For instance, consider the ENFJ personality type. To convincingly replicate an ENFJ-written post, a model must reflect all four dimensions—E, N, F, and J. If GPT-generated text reflects only some traits (e.g., E and N), it may not resemble a complete ENFP profile, but rather a partial form like EN−− or E−−J (in this notation, the “−” symbol indicates an MBTI trait that is unclear or not strongly represented in the text). In such cases, the synthetic text may enable coarse-grained differentiation (e.g., extroverted vs. introverted) but fail in more nuanced distinctions between similar personality types. This motivated a refined hypothesis: while GPT-generated content may underperform in subtle classifications, it could still be effective when distinguishing between types that are more linguistically and conceptually distant.
To examine this hypothesis, we designed a binary classification task in which ENFJ is contrasted against five MBTI types presumed to be relatively dissimilar: ISTP, INTP, ISFP, ISTJ, and ESTP. The experimental configuration followed the same few-shot structure as before. The ENFJ class contained only a single real training example, with 30 fixed test samples. GPT-generated ENFJ texts were added to the training set in increments of 20, up to a total of 140 samples. The data distributions for the comparison types were kept consistent with the original Kaggle dataset.

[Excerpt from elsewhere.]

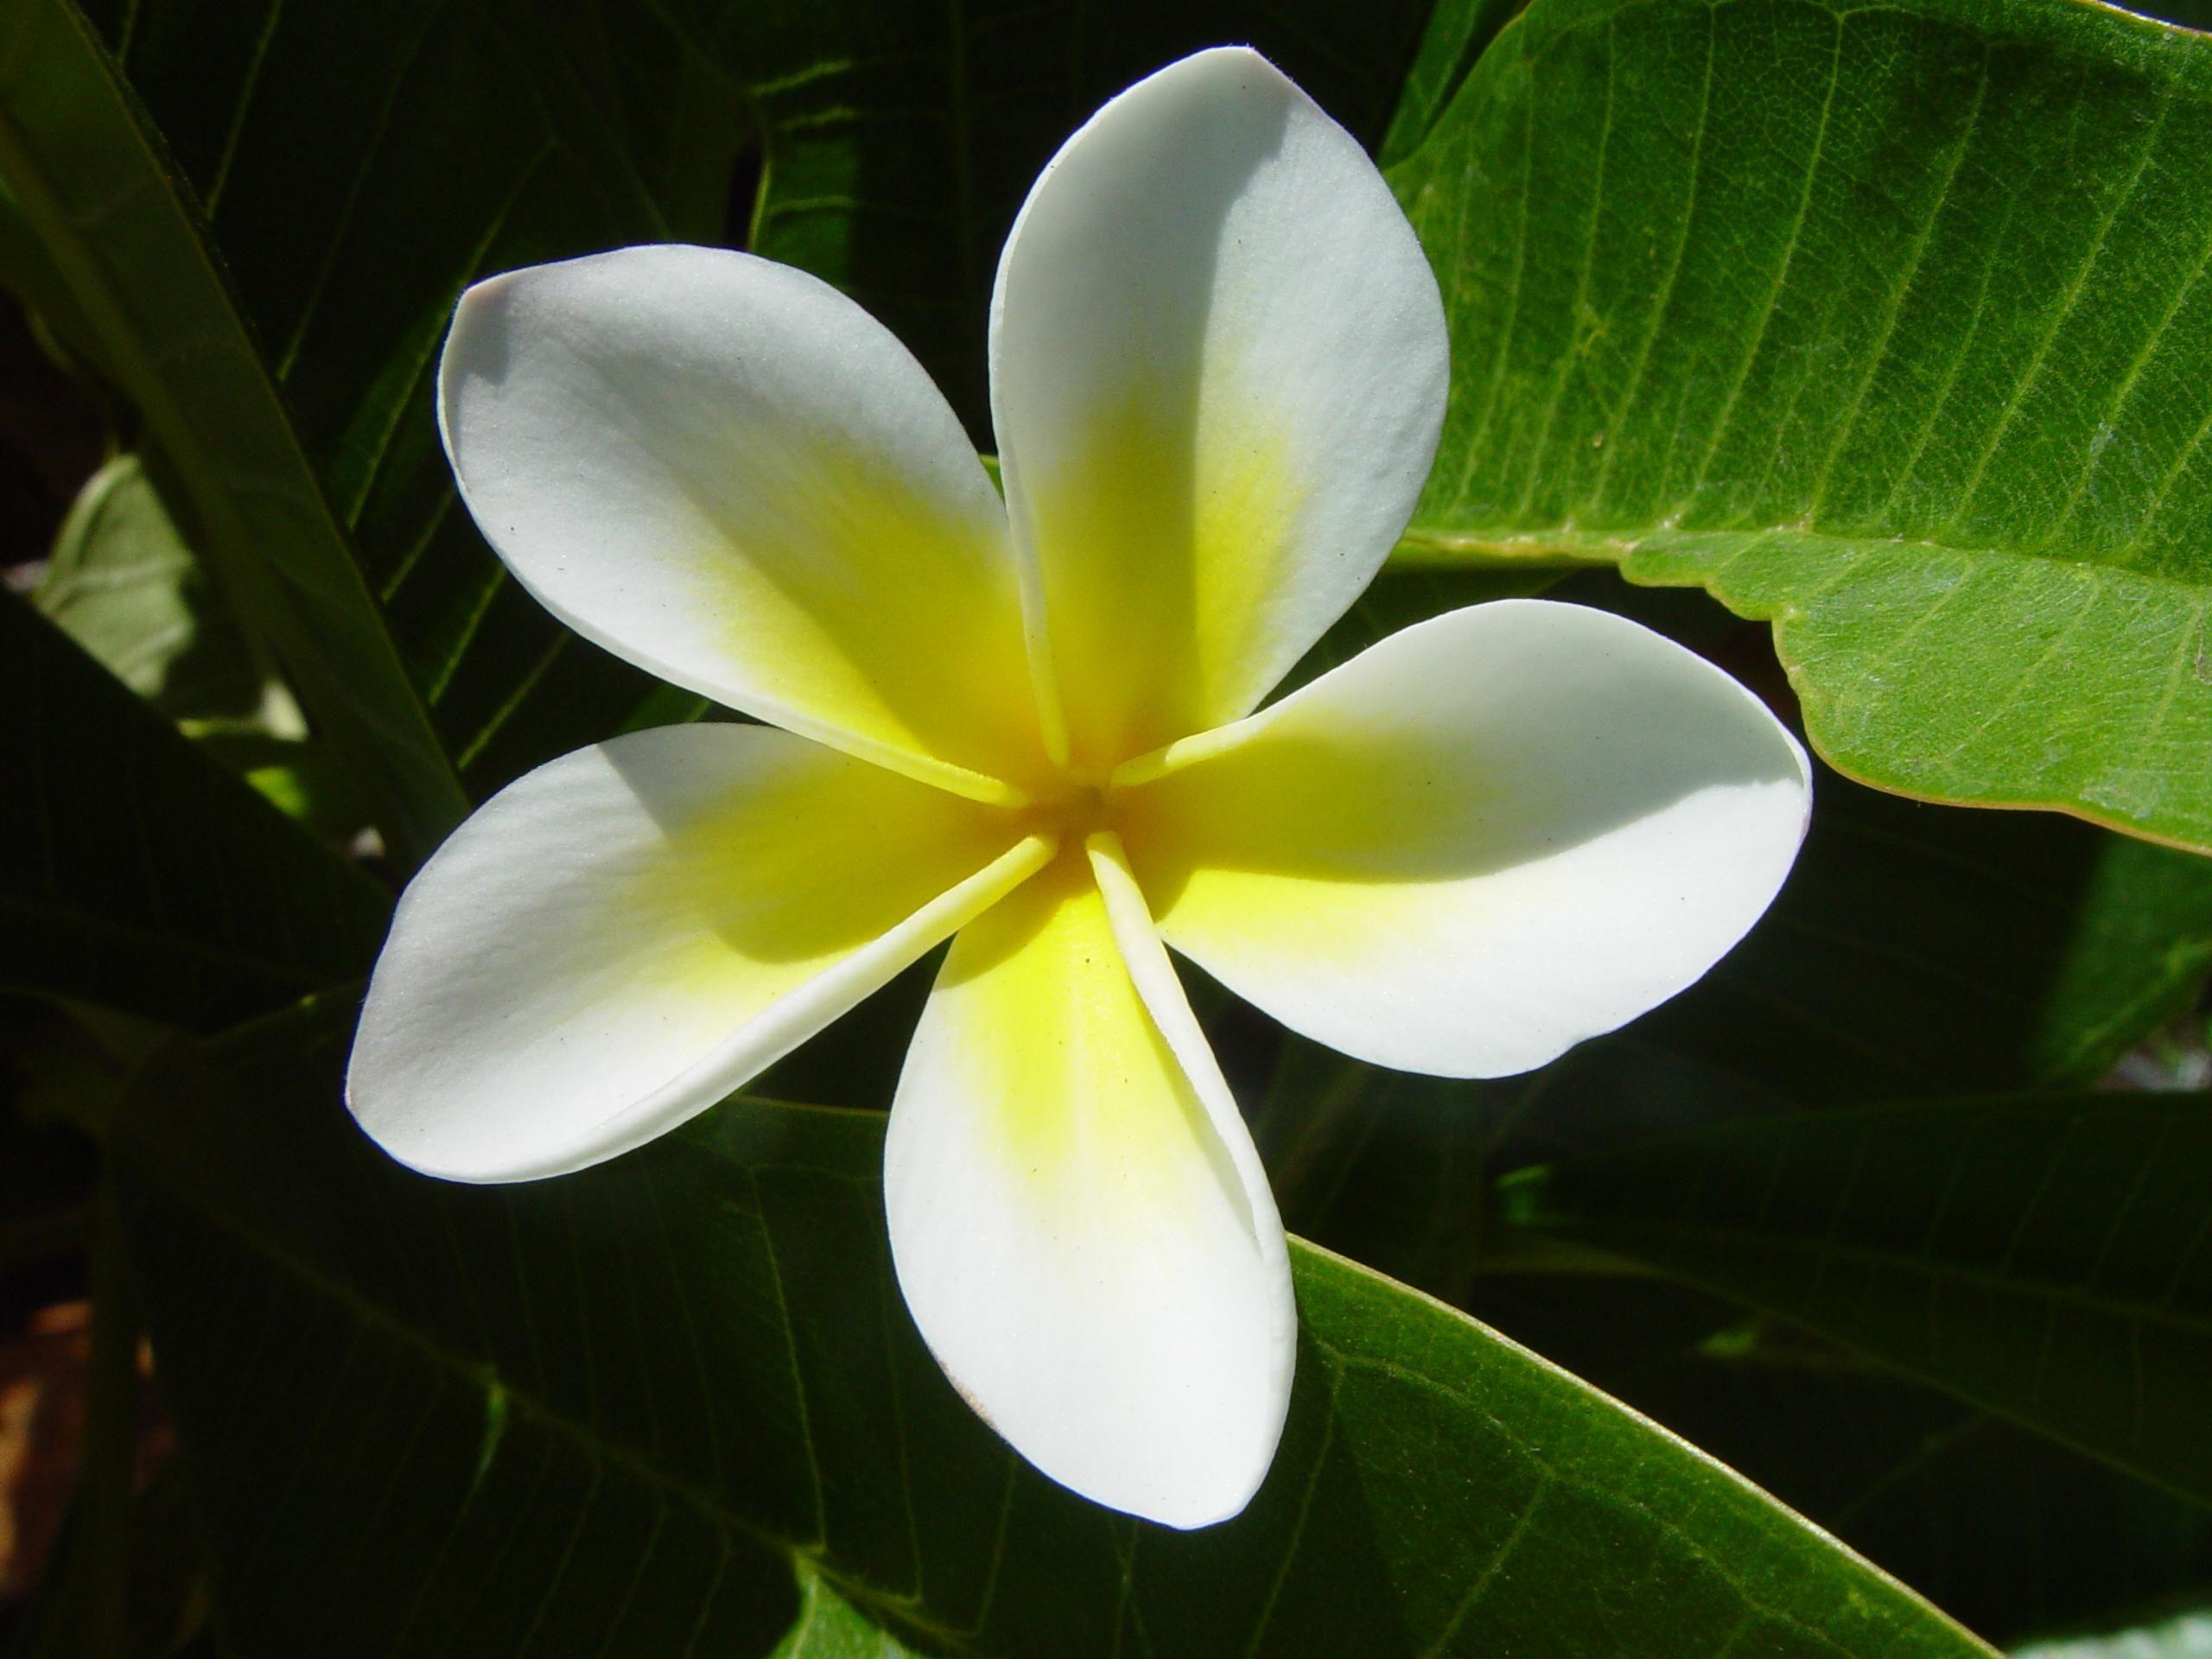 White and yellow plumeria flower (common name ''Frangipani'') #Flowers #FloweringsPlants

The full results of this experiment are available in the Experiment 3 tab at
https://seoyeonc.github.io/MBTI_dashboard (accessed on 10 May 2025), with key findings visualized in
Figure 6. Interestingly, the results diverged from previous patterns. For several classifiers, performance improved steadily as more GPT-generated data were added, and in some cases, the models approached AUC levels comparable to those of models trained on real data. While overall performance still fell short of the real-data baseline, the synthetic ENFJ text was nevertheless sufficient to distinguish ENFJ from markedly different personality types with reasonable accuracy.
These findings suggest that GPT-generated text is not universally ineffective. In classification settings where the decision boundary is coarse and clearly defined, such as separating ENFJ from conceptually distant types, synthetic data can still serve a functional role. In contrast, more fine-grained tasks—where subtle semantic or stylistic differences are required—appear to exceed the representational capacity of GPT-generated content.
Taken together, this experiment highlights a critical insight: the limitations of synthetic data are not absolute but conditional. GPT-generated samples may behave similarly to real data in broad categories while diverging in finer details. In this sense, the distinction lies not solely in accuracy metrics, but in the grain of information captured. This distinction calls for a more nuanced understanding of generative data—one that accounts for the structure, depth, and specificity of the information being modeled.